■ **EXERCISE INPUTS**
──────────

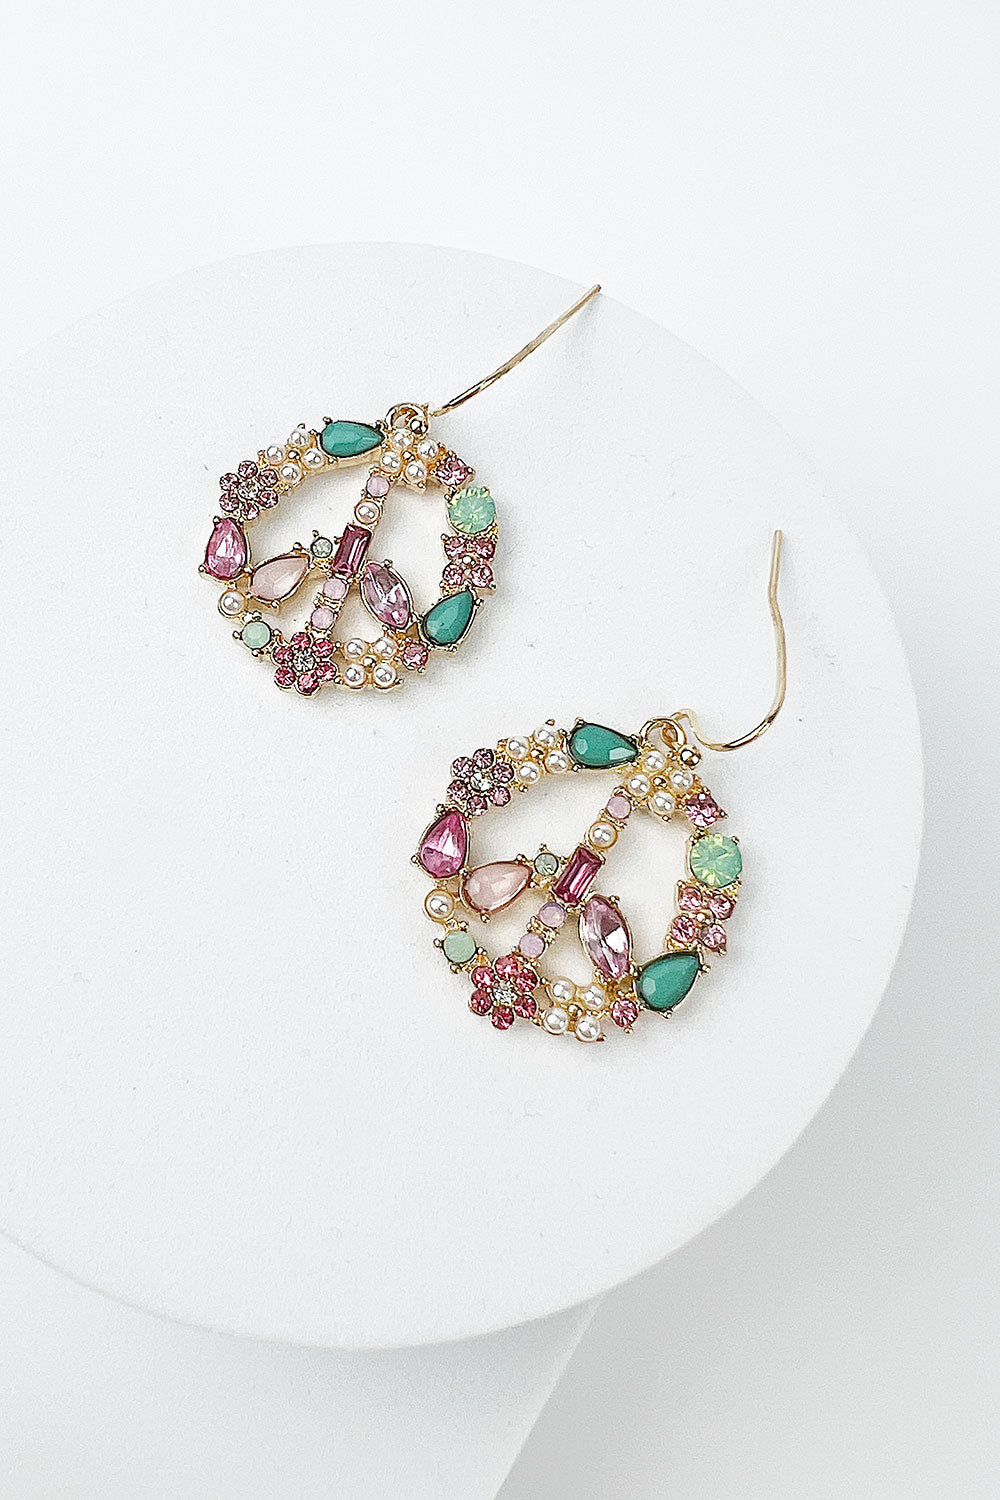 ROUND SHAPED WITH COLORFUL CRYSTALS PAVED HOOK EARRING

──────────

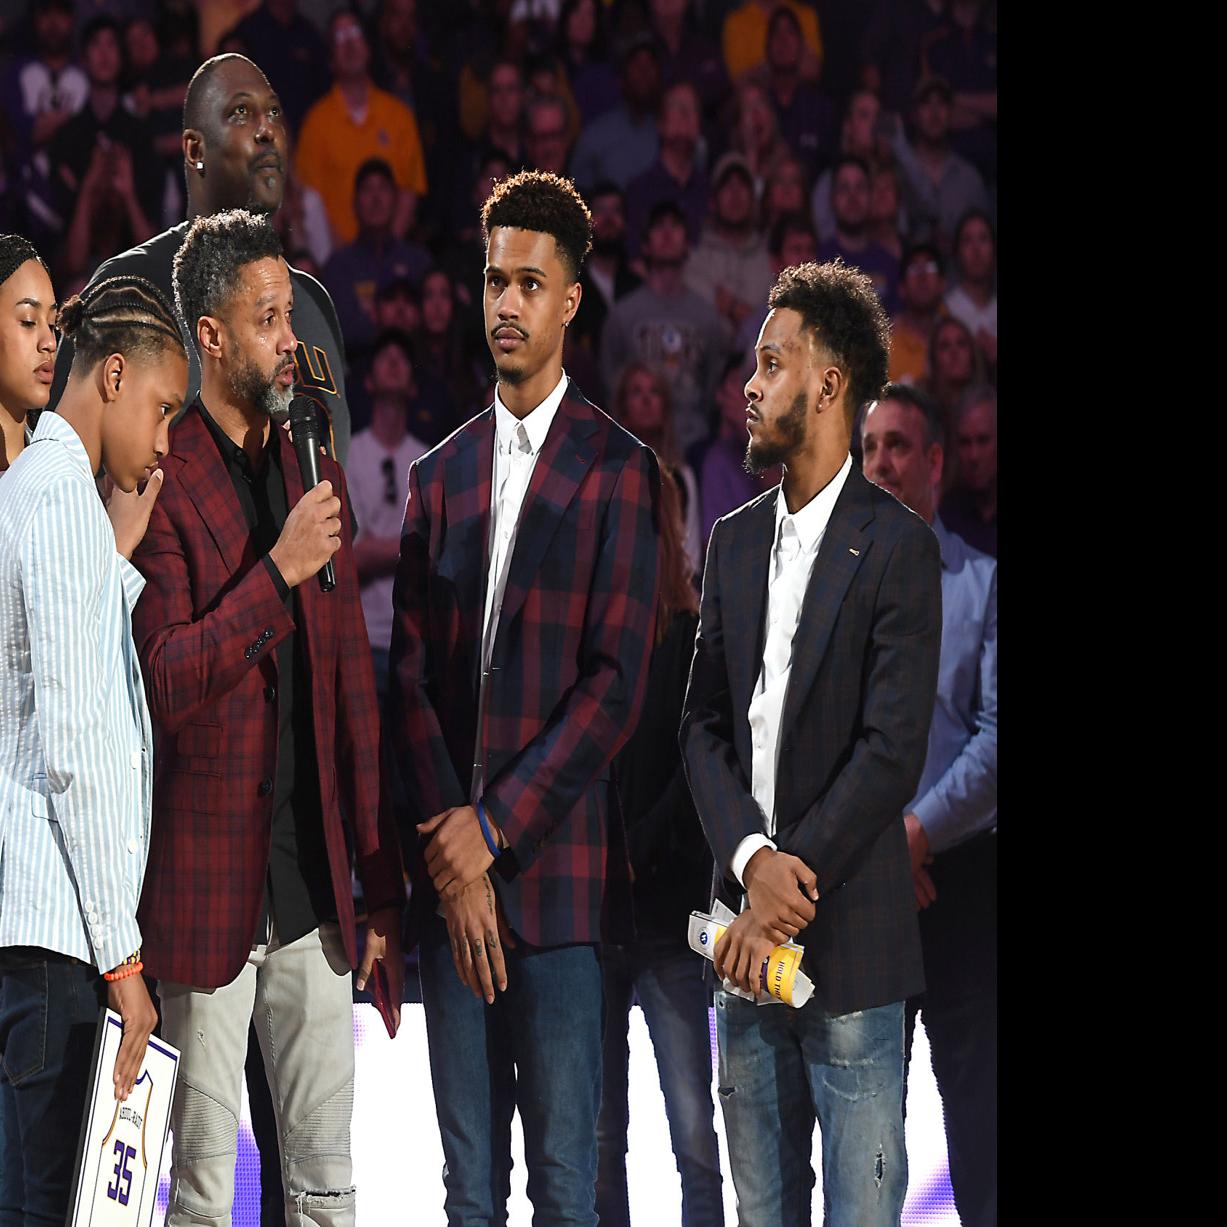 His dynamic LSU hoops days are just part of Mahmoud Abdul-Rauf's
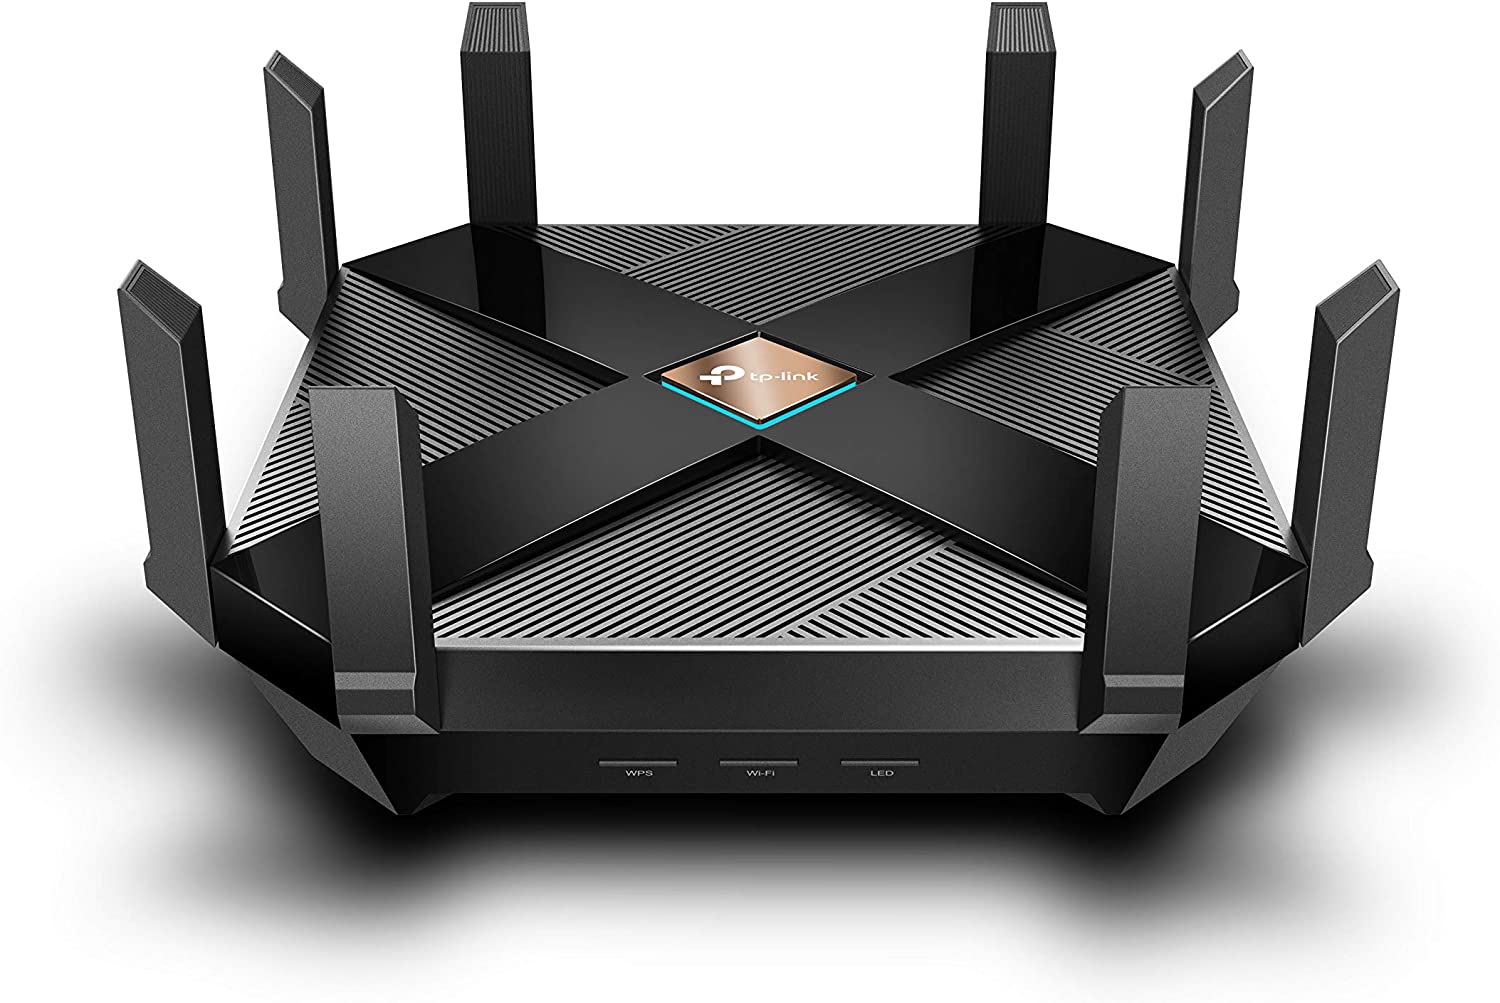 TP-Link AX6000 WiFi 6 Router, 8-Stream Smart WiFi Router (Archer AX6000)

──────────

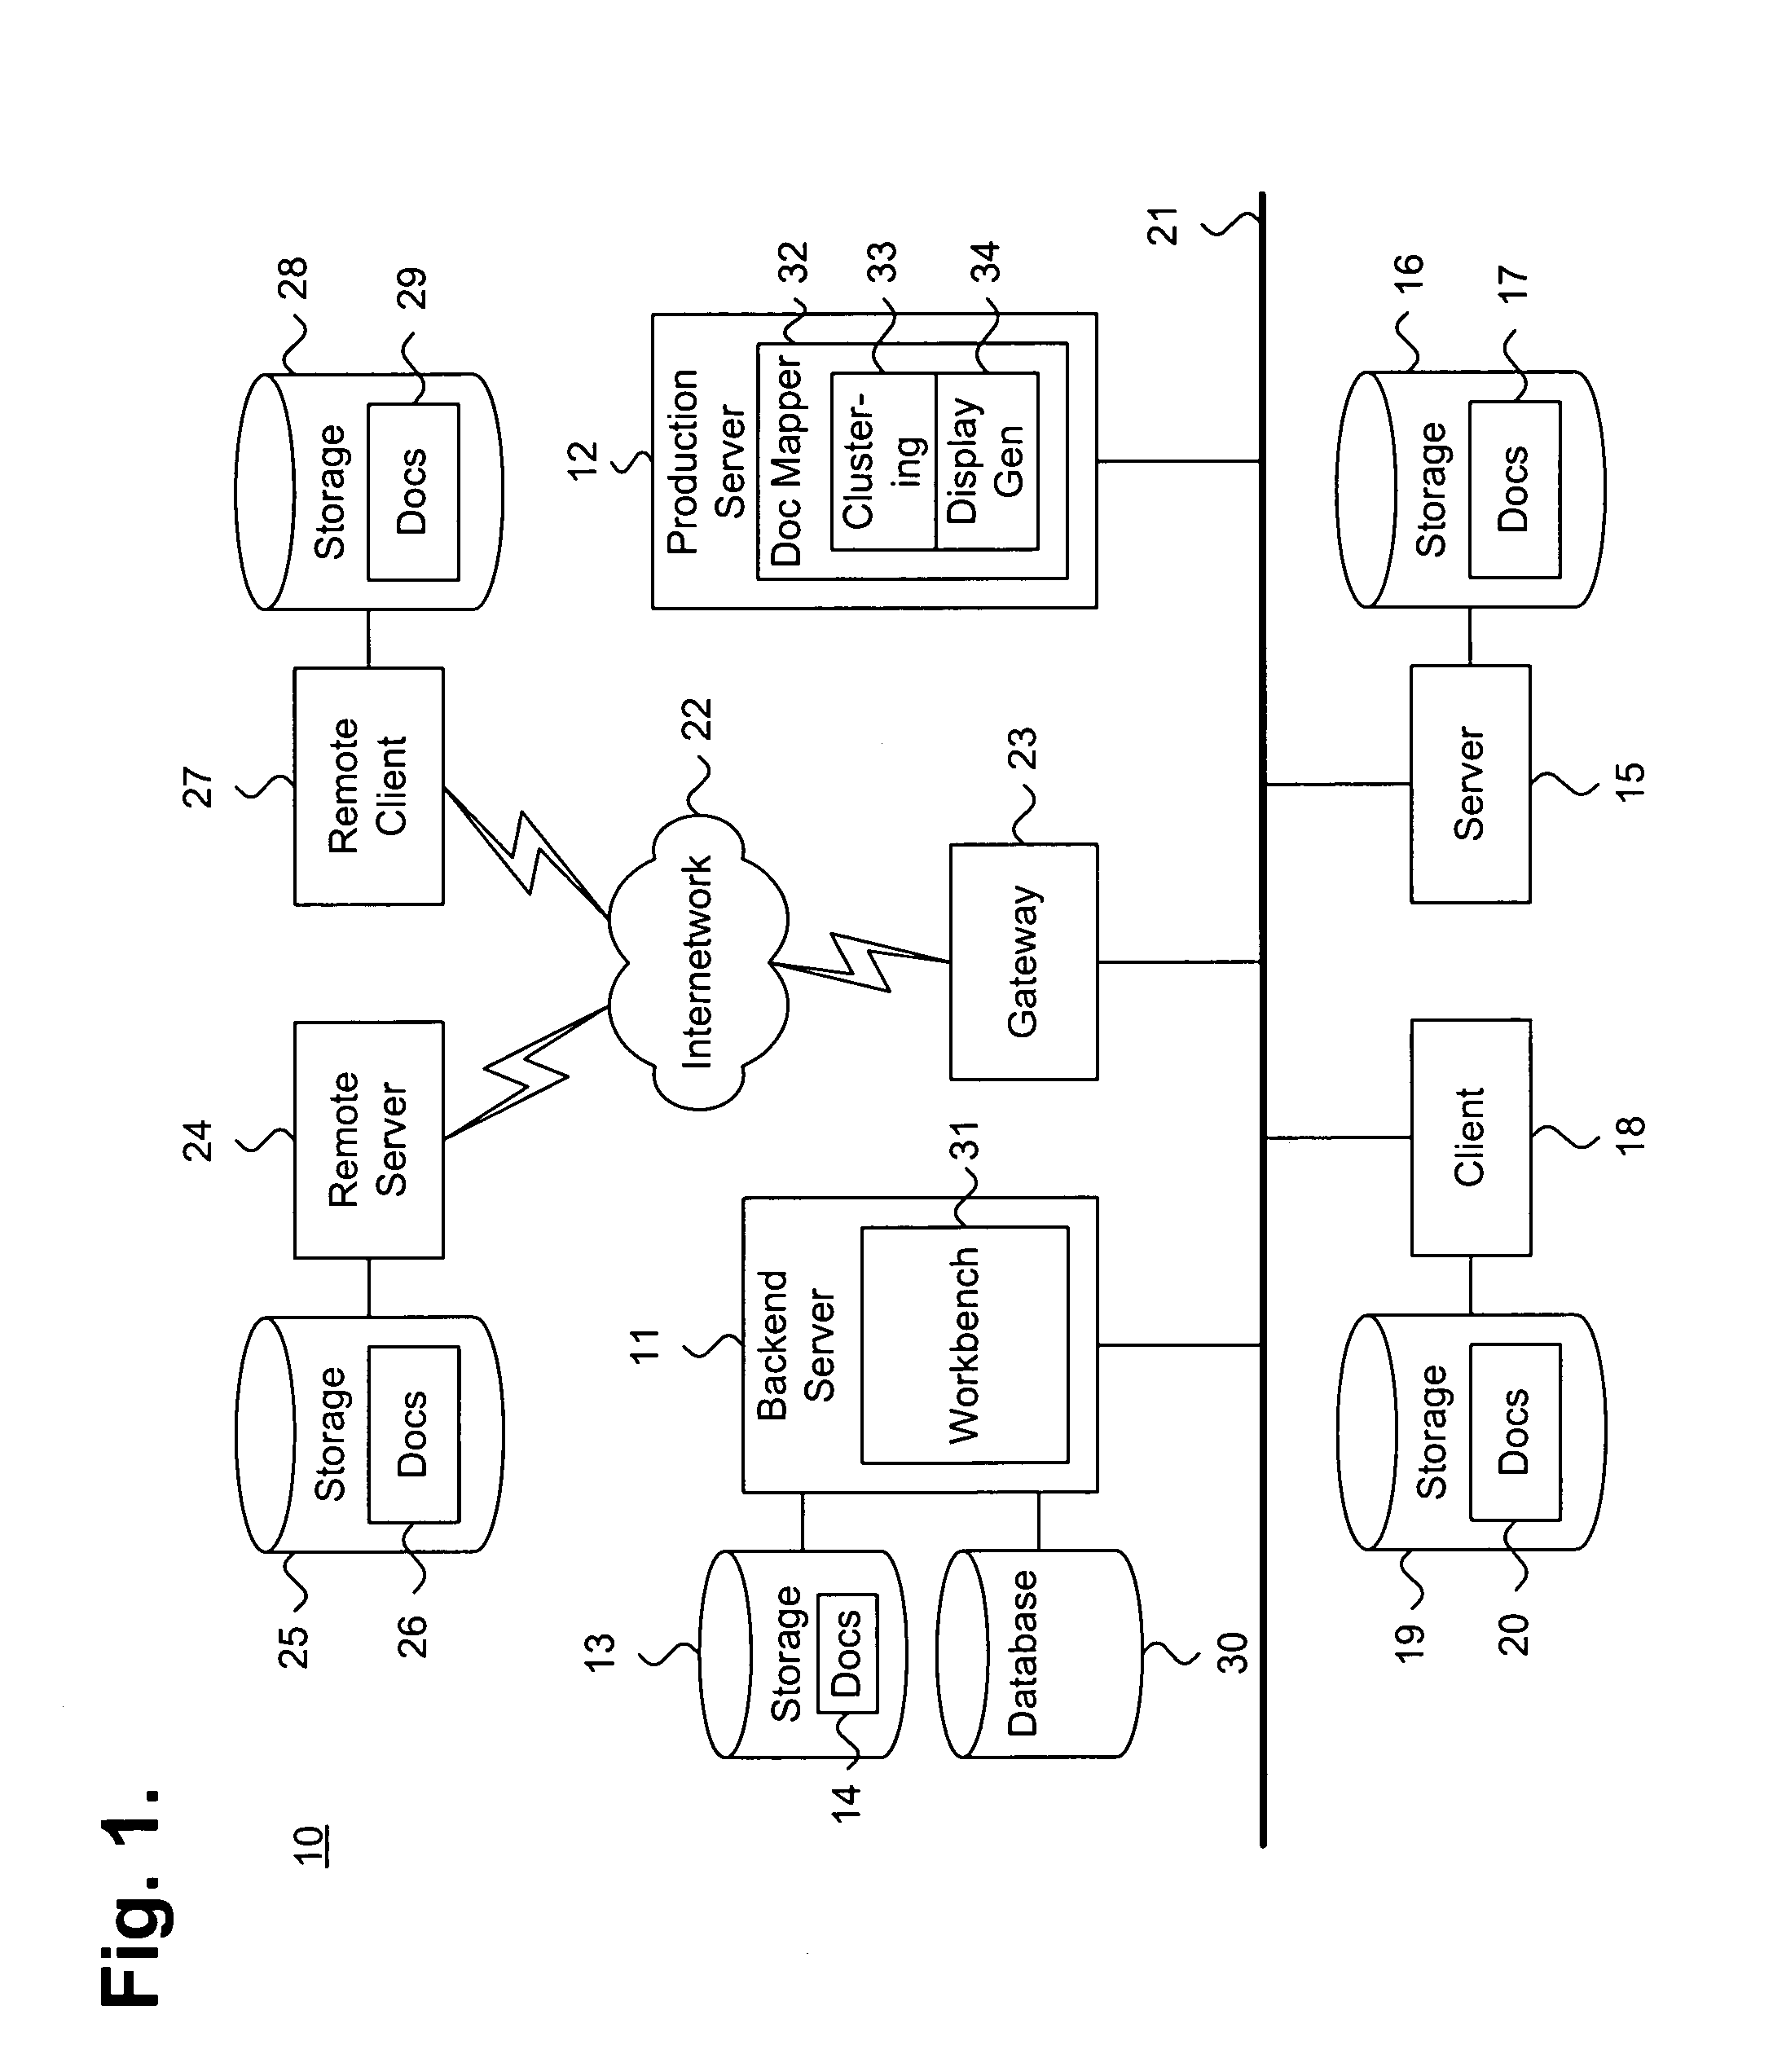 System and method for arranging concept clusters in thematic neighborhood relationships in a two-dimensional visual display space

──────────

■ **TASK REQUIREMENTS**
Look through the material above. Transcribe exactly the lines between the ones with "His dynamic LSU" and "TP-Link AX6000 WiFi", inclusive, and keep pictures out.

■ **RESULT OF THIS TASK**
 His dynamic LSU hoops days are just part of Mahmoud Abdul-Rauf's
 TP-Link AX6000 WiFi 6 Router, 8-Stream Smart WiFi Router (Archer AX6000)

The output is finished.